Telefónica-Deutschlandchef Haas sagt zu diesem Thema: «Die Errichtung neuer Standorte insbesondere in der Fläche erfordert einen langen zeitlichen Vorlauf.» Man setze «alles daran, auch diesen Teil der Versorgungsauflage bis Ende 2022 zu erfüllen». Dafür haben man auch zusätzliche Maßnahmen ergriffen wie etwa den Einsatz mobiler Standorte. Die Telekom teilt mit, dass sie die Anforderungen der Bundesnetzagentur auch dieses Mal erfüllen werde, «soweit es keine rechtlichen und tatsächlichen Hinderungsgründe für den Ausbau von einzelnen Standorten gibt».

Derzeit funken drei Mobilfunknetze in Deutschland, und zwar von der Telekom, von Vodafone und von Telefónica mit seiner Marke O2. Eigentlich sollte bis Jahresende ein viertes hinzukommen: Der Neueinsteiger 1&1 ersteigerte 2019 erstmals eigenes Spektrum, bis Ende dieses Jahres sollten 1000 5G-Standorte aktiviert werden.

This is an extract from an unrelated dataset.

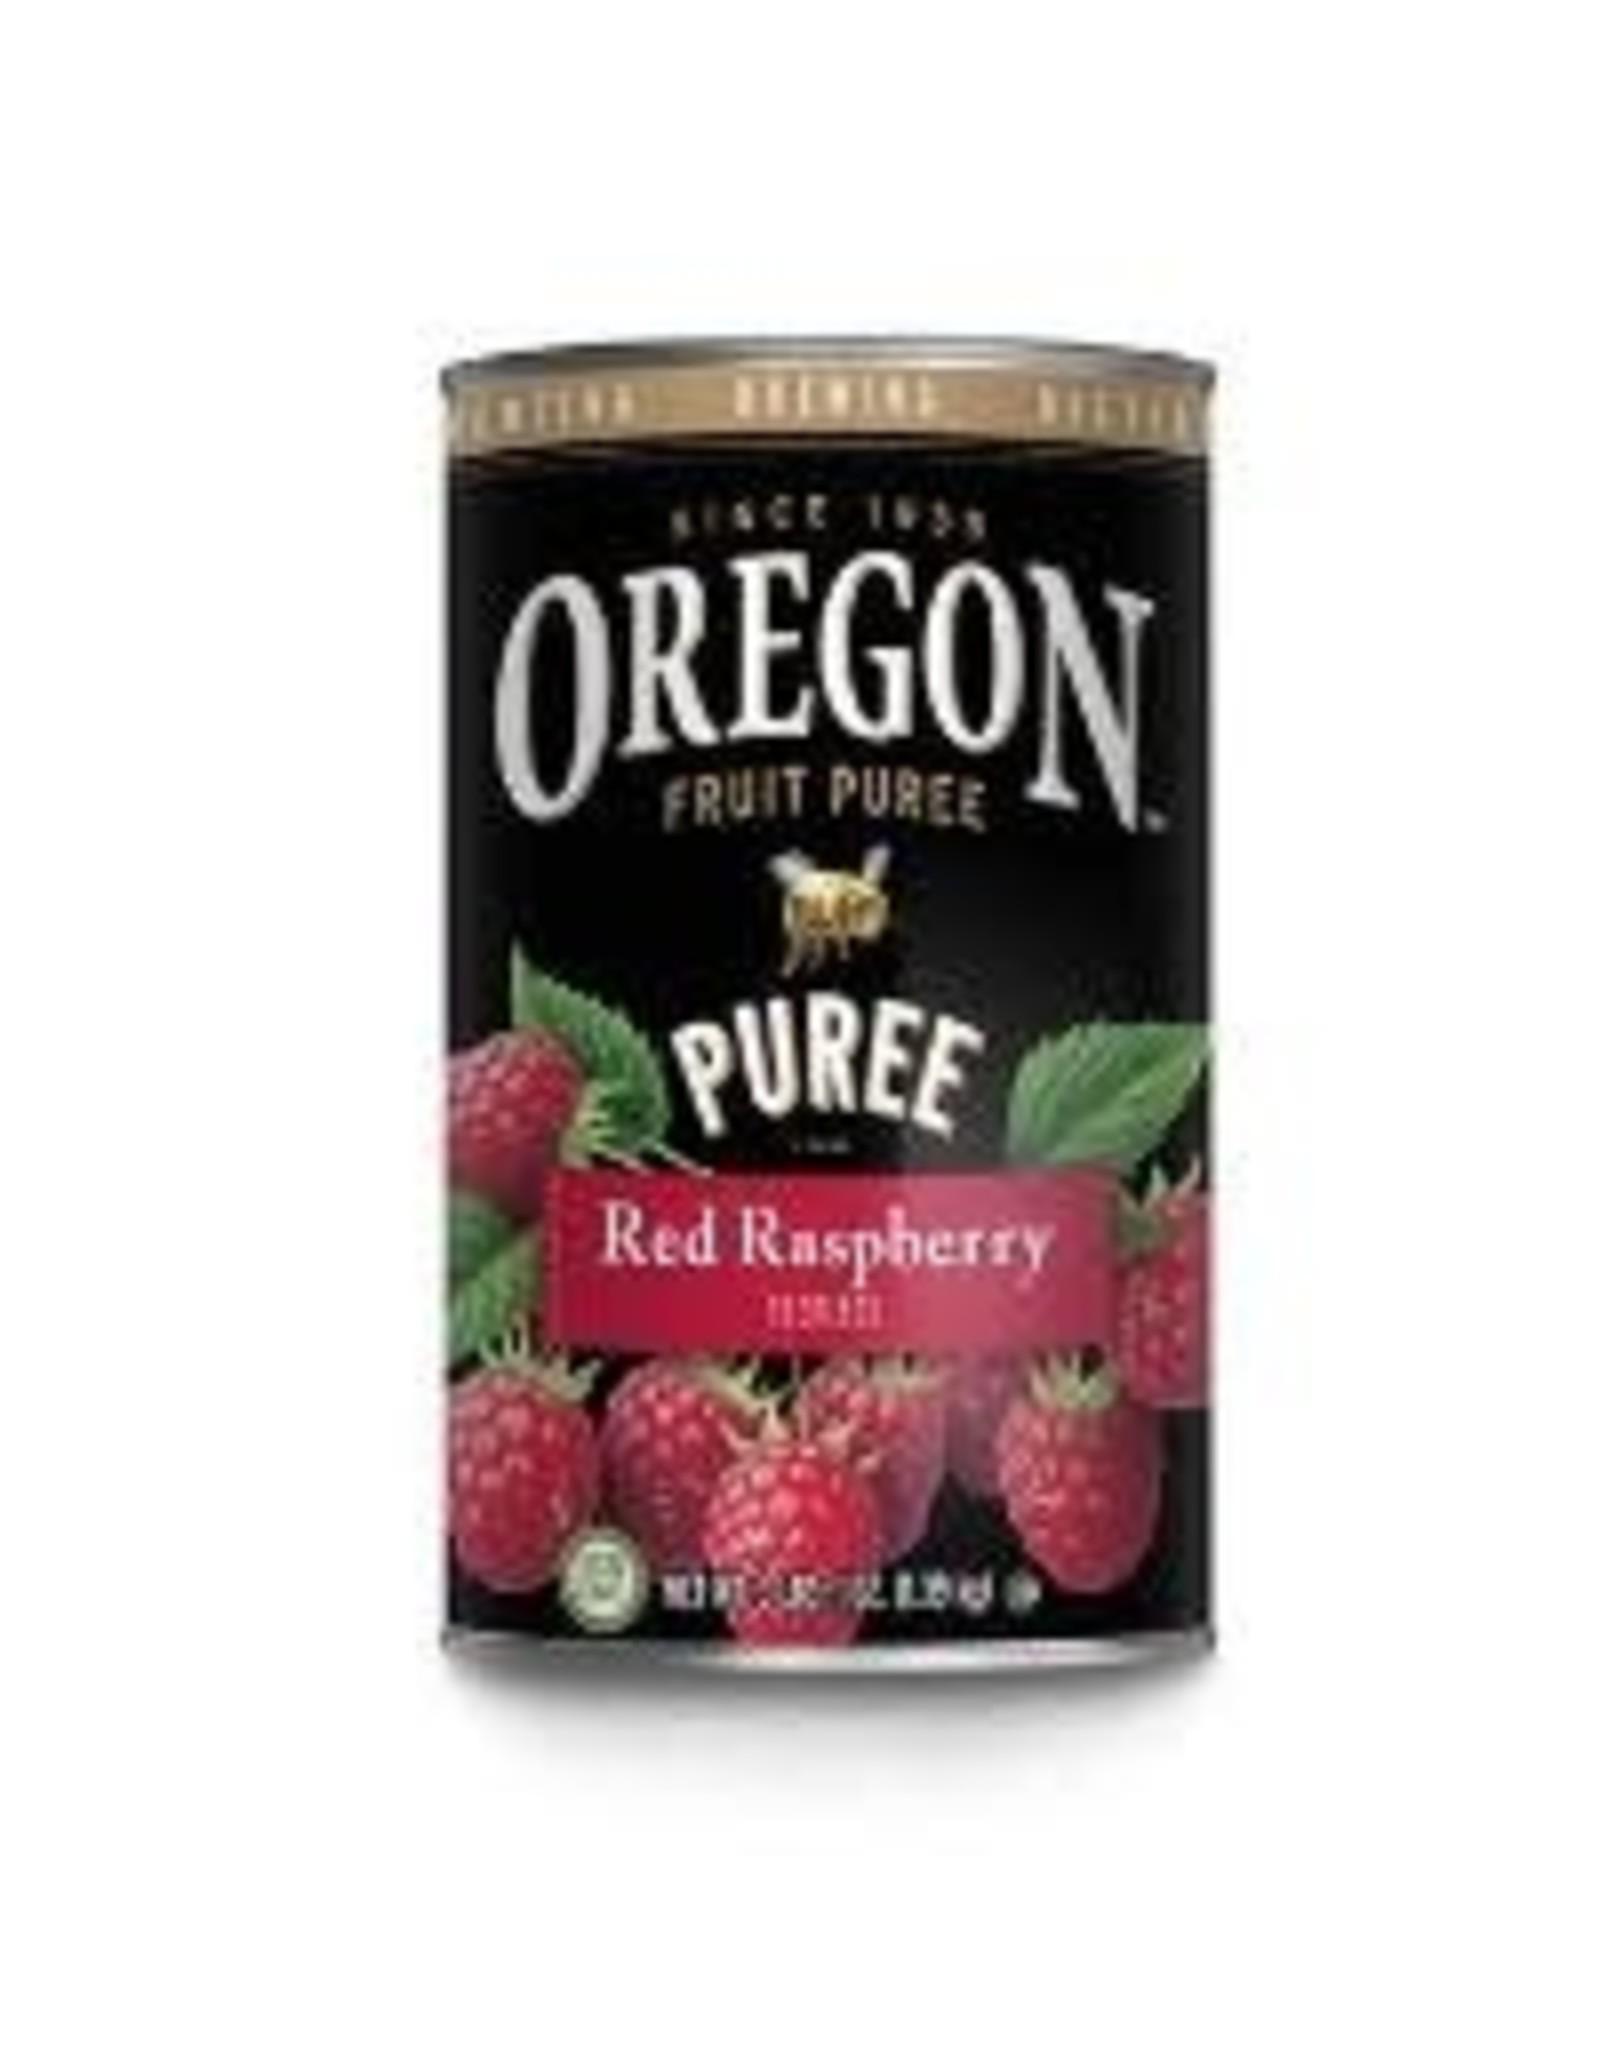 RASPBERRY PUREE 49 OZ OREGON FRUIT

Doch wegen Verzögerungen bei einer beauftragten Infrastrukturfirma kann der Telekommunikationskonzern aus Montabaur (Rheinland-Pfalz) dieses Zwischenziel nach eigenem Bekunden erst im Sommer 2023 erreichen.

In dem Schreiben der Bundesnetzagentur fordert die Behörde die Netzbetreiber auf, für jeden verzögerten Standort eine detaillierte Dokumentation vorzulegen. «Dies soll eine Prüfung dahingehend ermöglichen, ob die Verzögerungen durch den jeweiligen Mobilfunknetzbetreiber oder Dritte zu vertreten sind.»

Die Behörde verweist zudem auf die Möglichkeit von Bußgeldern. Ob die Netzagentur aber wirklich dieses scharfe Schwert zücken würde, ist fraglich: Selbst bei den deutlichen Verfehlungen von O2 nach der Auktion von 2015 beließ es die Behörde bei Ermahnungen.

Der Grünen-Bundestagsabgeordnete Maik Außendorf hält die Nichteinhaltung von Ausbauauflagen für «ein echtes Problem». Er will sich dafür einsetzen, dass die Bundesnetzagentur «hier ihre Instrumente wirksam einsetzt, um den Druck zu erhöhen».